Semiahmoo Secondary School (/ˌsɛmiˈæmuː/ SEM-ee-AM-moo) is a public high school in South Surrey, British Columbia, and is part of School District 36 Surrey. It was founded in 1940 as the first senior secondary school in South Surrey. The school serves grades eight through twelve.

Semiahmoo is one of four public high schools on the peninsula, along with Earl Marriott Secondary School, Elgin Park Secondary School and Grandview Heights Secondary School.

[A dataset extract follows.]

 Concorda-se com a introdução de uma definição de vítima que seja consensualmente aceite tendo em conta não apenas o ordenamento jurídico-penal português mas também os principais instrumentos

The school is named after the Indigenous Semiahmoo people.

== History ==
Before 1940, students from White Rock and Surrey were educated at Surrey High School in Cloverdale or Blaine High School in the state of Washington in the United States. Overcrowding at Surrey High School led to petitions for a new school; by the time the new school opened students were spread to the basement of Rock Public School, and the Campbell River Saw Mill Office. A three-storey wood-frame building was constructed in White Rock with 14 classrooms, a library, an Industrial Education shop, and a 50 by 80 feet gym with a large stage at the south end; it opened on November 29, 1940, as Semiahmoo. The building was expanded in the late-1950s and 1960s to alleviate overcrowding; the opening of White Rock Junior High and Douglas College providing additional relief.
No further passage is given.